Three speakers will highlight the annual Pollinator Festival at Powdermill Nature Reserve on Saturday, August 11, 2018. Mark Slater, horticulturist and environmental educator with Reading Community College, will present “Plants versus Animals, a study in cooperation and competition.” Andrea Kautz, Staff Entomologist at Powdermill Nature Reserve, will present a program on the pollinator project at the Flight 93 Memorial, and Luke DeGroote, Avian Ecologist at Powdermill, will speak about hummingbirds as pollinators.
The event, which is free and open to the public, will include sales of honey and bee products, as well as a large plant sale that will emphasize native plants that attract pollinators.

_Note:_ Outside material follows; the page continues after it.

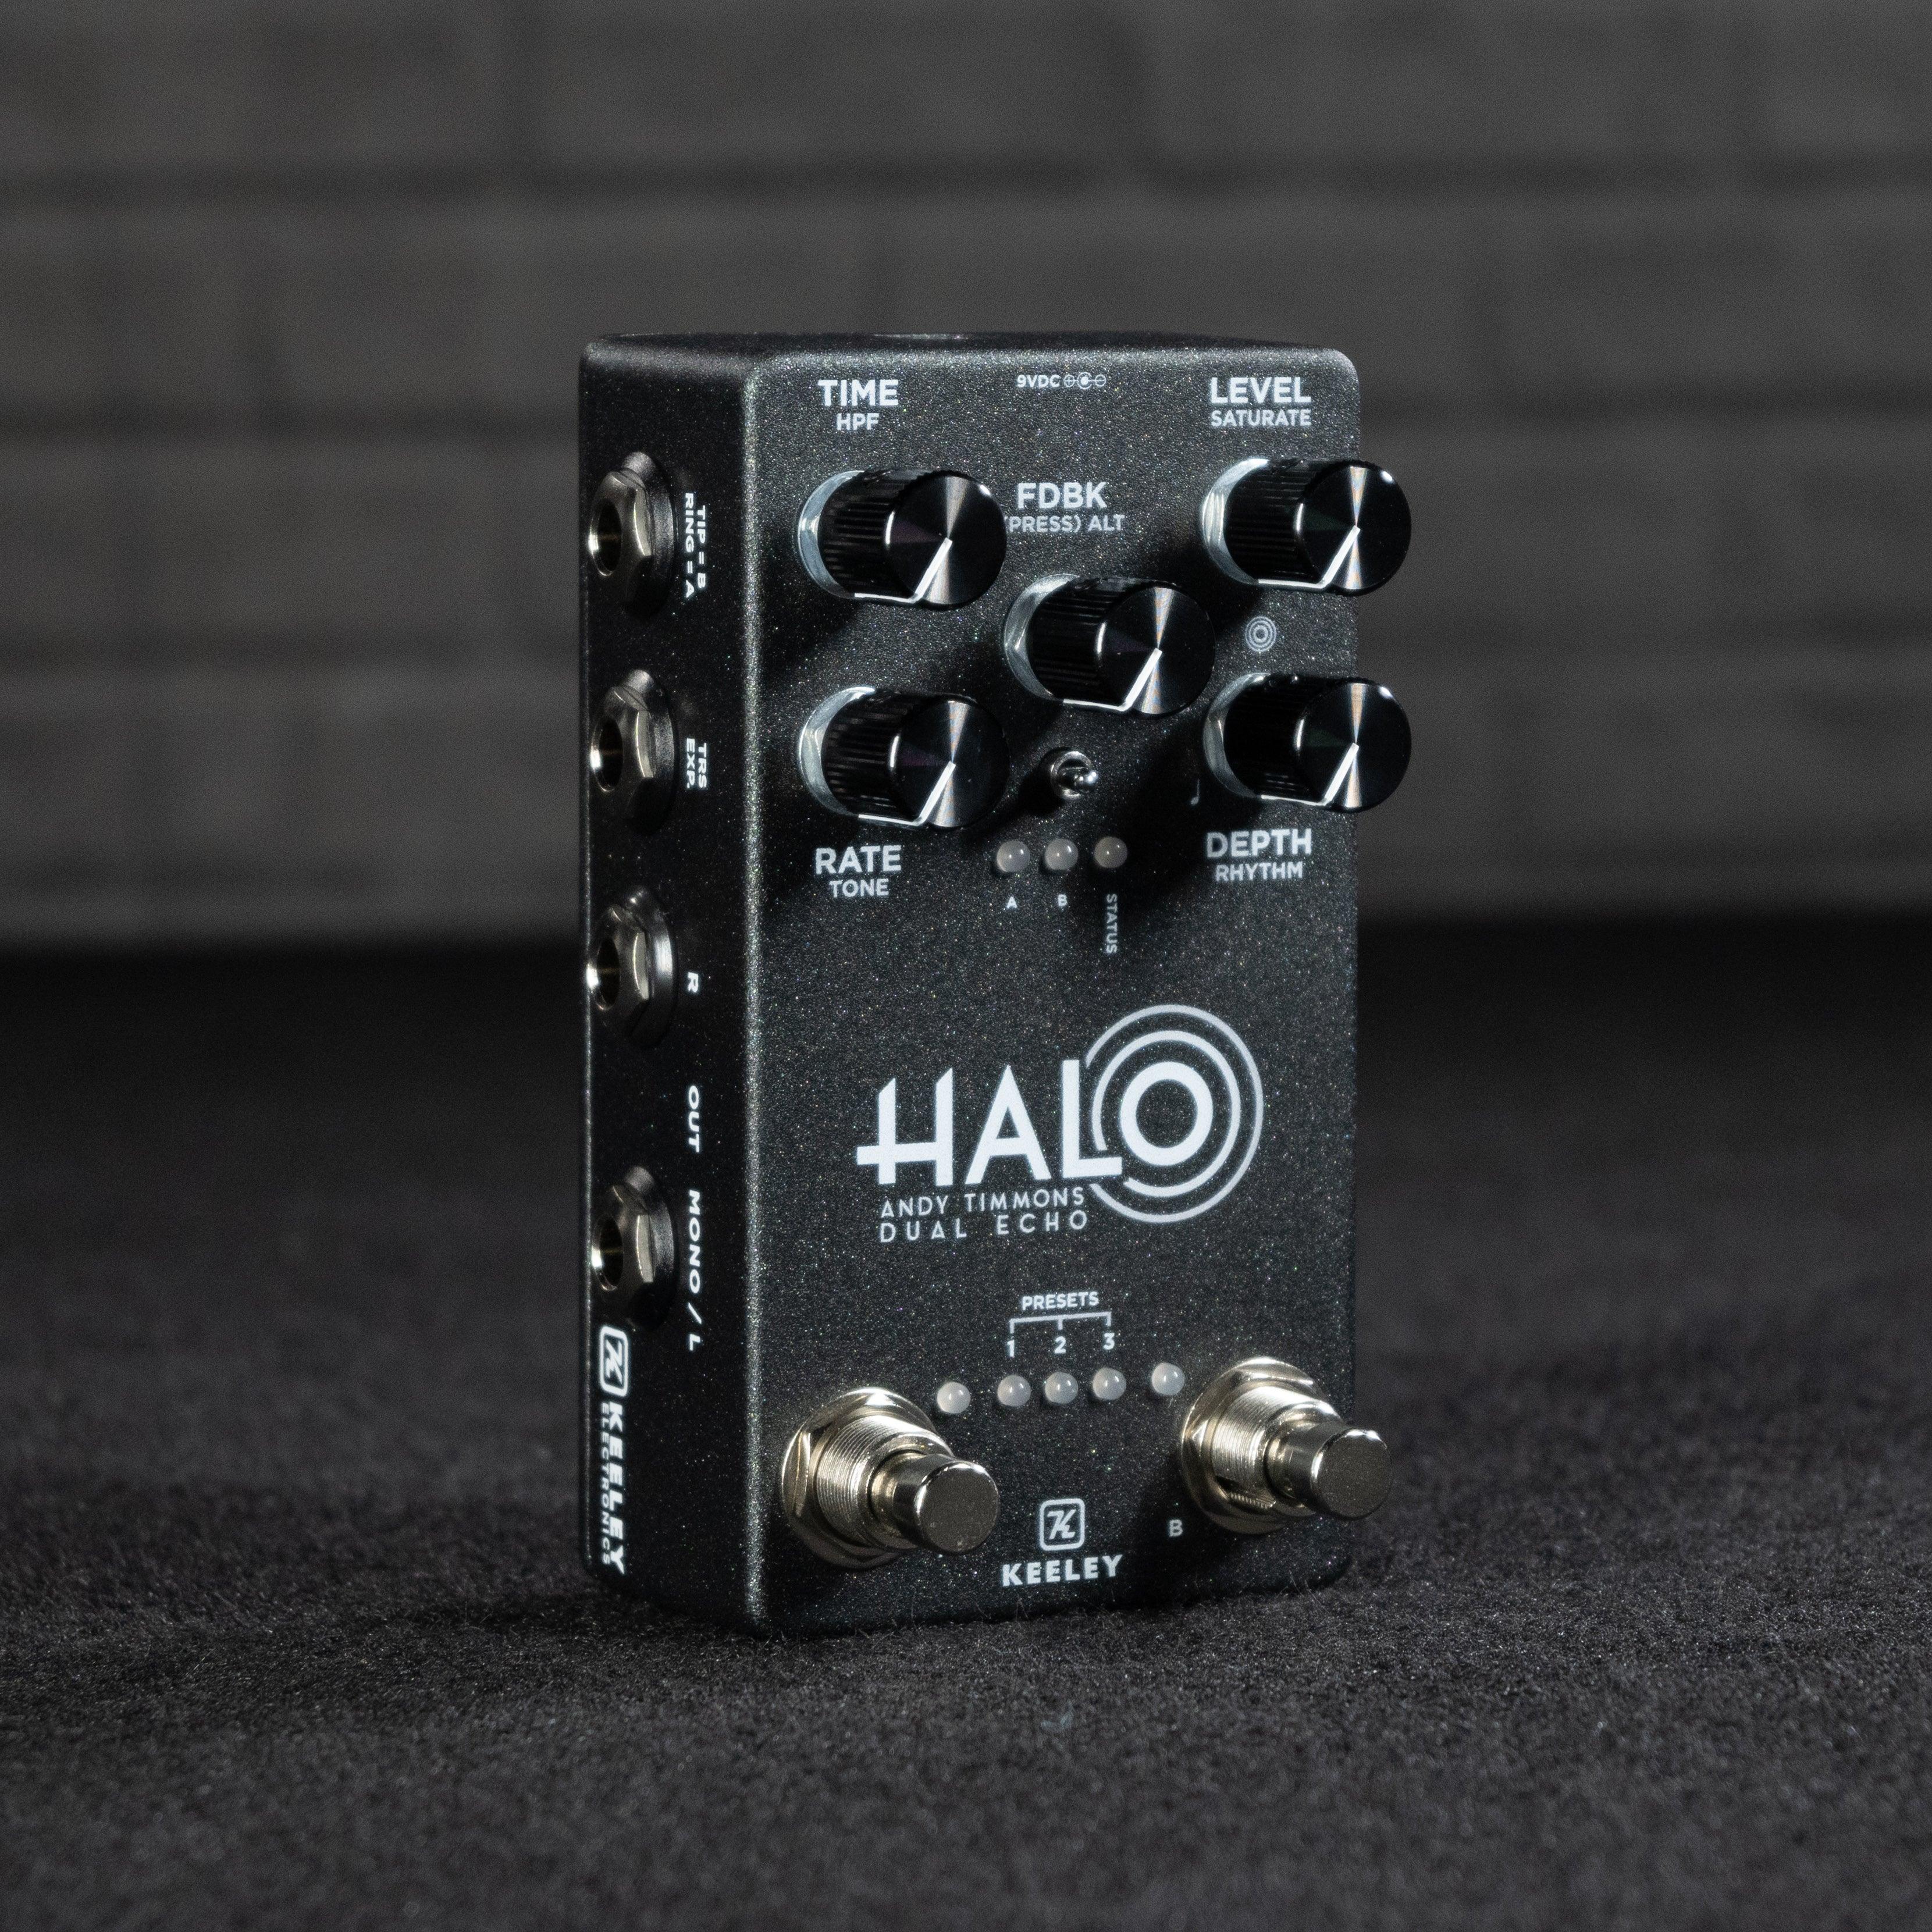 Keeley HALO Andy Timmons Dual Echo Delay - Impulse Music Co.

Many people aren’t aware that, besides honey bees, there are hundreds of other important pollinators that play a vital role in the pollination of food crops. Attracting these insects and birds to the garden requires plants that act as larval host plants as well as nectar sources. People who attend the festival will learn about the most recent research on the plants most likely to draw beneficial pollinators to private and public gardens.
Powdermill has six gardens that focus on specific plant communities: a butterfly garden, a rain garden, a barrens, a wetland, a woodland path, and an herb garden. Perennials from the mid-Atlantic region are featured in ecological habitats; the herb garden has plants from the worldwide temperate flora. Martha Oliver, horticulturist of The Primrose Path in Scottdale and designer of Powdermill’s gardens will be on hand to lead tours.
The festival is on the grounds of Powdermill Nature Reserve, from 10a.m.-3p.m. on Saturday, August 11, 2018.